◆ **ASSIGNED TASK**
Begin at the line containing "Plantago broadleaf medicinal" in the data below and go on through the line containing "Outerbike Crested Butte - Photo: Will Taylor", repeating each line exactly; include both ends and no other line.

◆ **DATA TO EXAMINE**
>>>>

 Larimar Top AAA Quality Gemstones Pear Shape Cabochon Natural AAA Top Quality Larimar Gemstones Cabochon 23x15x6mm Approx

<<<<
>>>>

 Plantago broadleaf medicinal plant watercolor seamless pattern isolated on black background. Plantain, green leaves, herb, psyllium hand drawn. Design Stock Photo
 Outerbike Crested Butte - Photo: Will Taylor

<<<<
>>>>

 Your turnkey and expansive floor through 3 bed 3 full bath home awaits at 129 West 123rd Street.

<<<<

◆ **EXERCISE ANSWER**
 Plantago broadleaf medicinal plant watercolor seamless pattern isolated on black background. Plantain, green leaves, herb, psyllium hand drawn. Design Stock Photo
 Outerbike Crested Butte - Photo: Will Taylor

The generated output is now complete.